Bu düzenlemeler karşısında İdari para cezalarının tahsili için davalı Kurumca 7201 sayılı Yasa gereğince çıkarılan ödeme emrinin iptali için açılacak davaların İdari Yargı’da görüleceğinin kabulü gerekir.
Somut olayda, davacıya çıkartılan idari para cezası konulu ödeme emrinin 7201 sayılı Kanun’a göre çıkartıldığı; bu durumda davaya İdari Yargı’da bakılması gerektiği açıktır.
Mahkemece bu maddi ve hukuki olgular gözetilmeksizin ve yukarıda belirtilen hususlar göz önünde bulundurulmadan uyuşmazlığın çözümünün idari yargının görev alanına girdiği gözetilerek, 6100 sayılı HMK’nın 114/1-b maddesine göre dava şartı olan “yargı yolunun caiz olmaması” nedeniyle davanın usulden reddine karar verilmesi gerekirken işin esasına girilerek yazılı şekilde karar verilmesi usul ve yasaya aykırı olup bozma nedenidir.

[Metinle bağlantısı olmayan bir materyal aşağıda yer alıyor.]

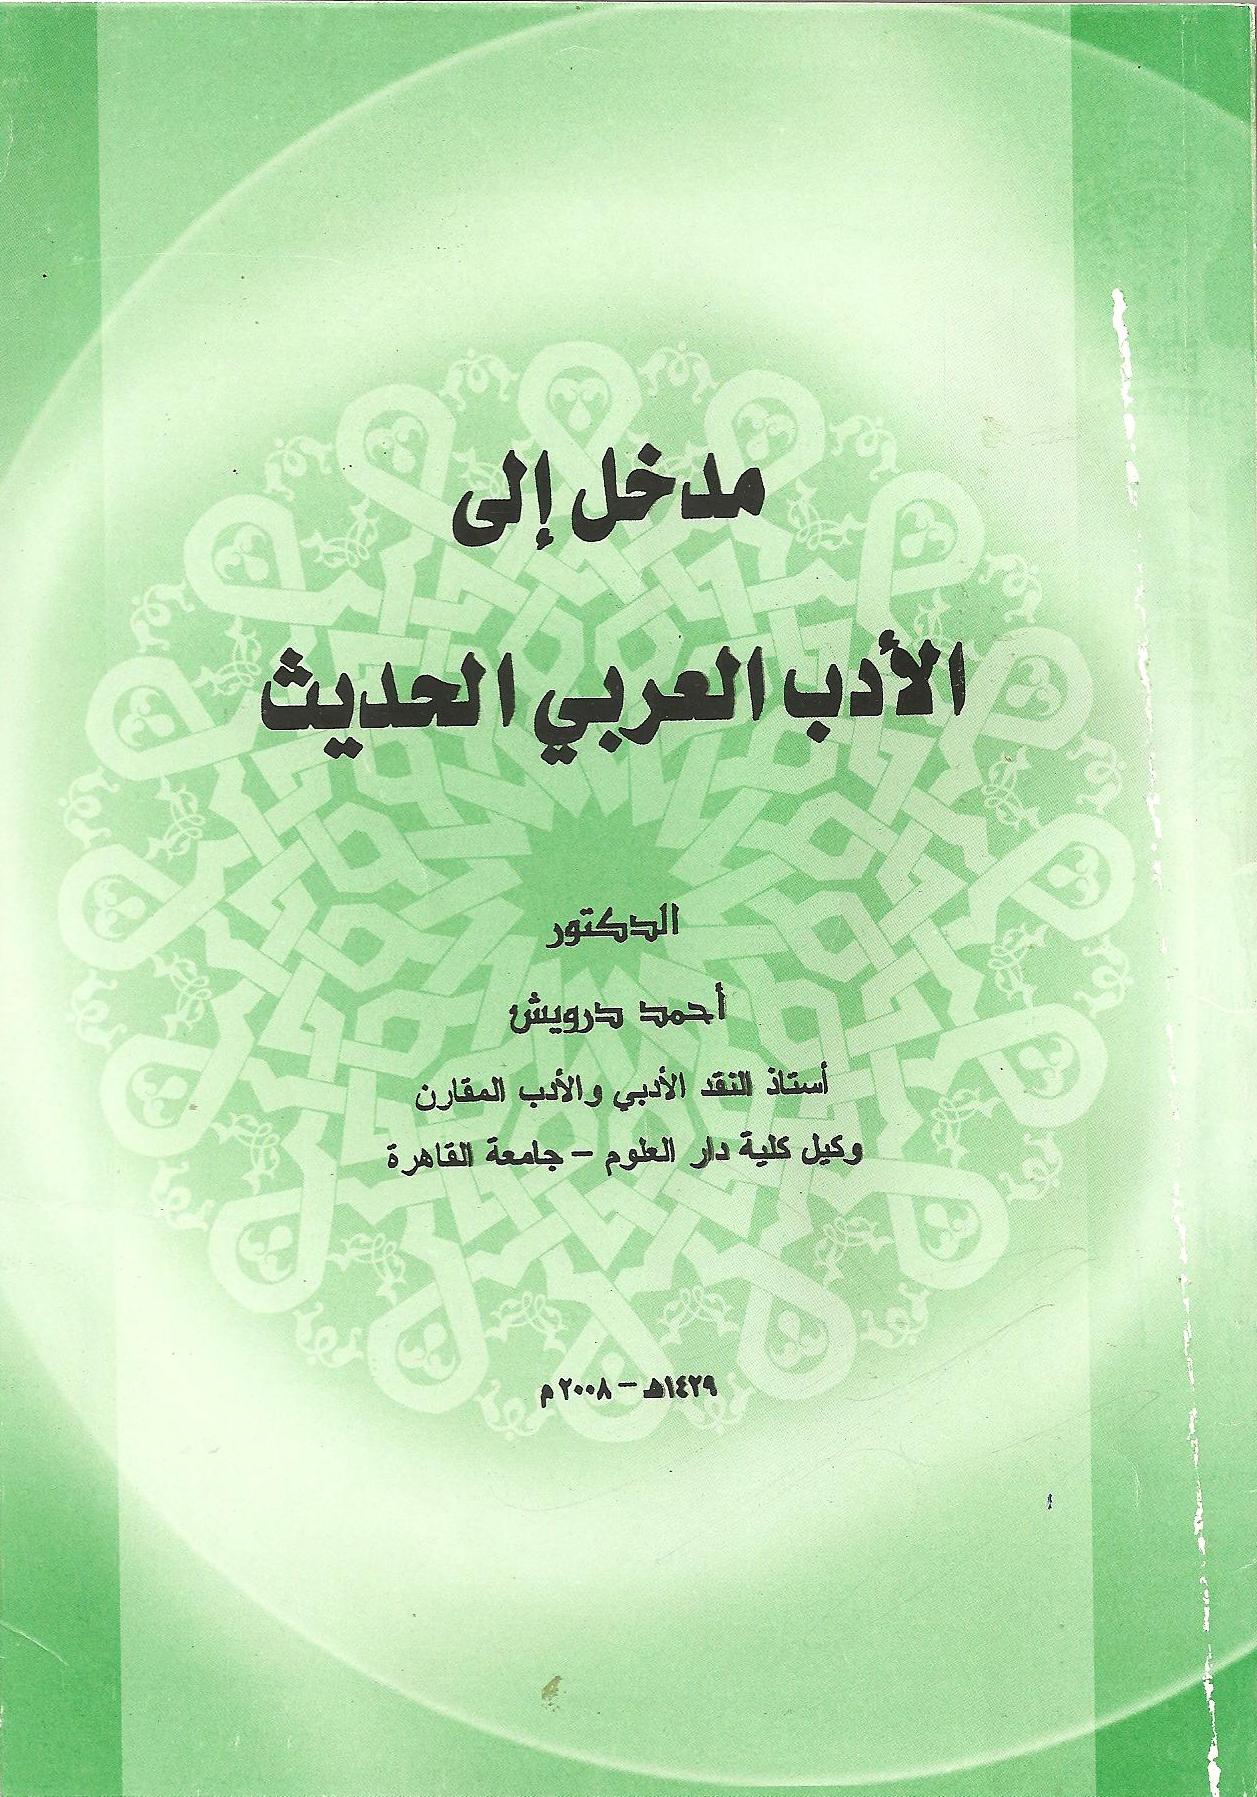  تحميل كتاب مدخل إلى الأدب العربي الحديث pdf أحمد درويش

O halde, tarafların bu yönleri amaçlayan temyiz itirazları kabul edilmeli ve hüküm bozulmalıdır.
SONUÇ: Hükmün yukarıda açıklanan nedenlerle BOZULMASINA, temyiz harcının istek halinde davacıya iadesine, 22.09.2014 gününde oy birliği ile karar verildi.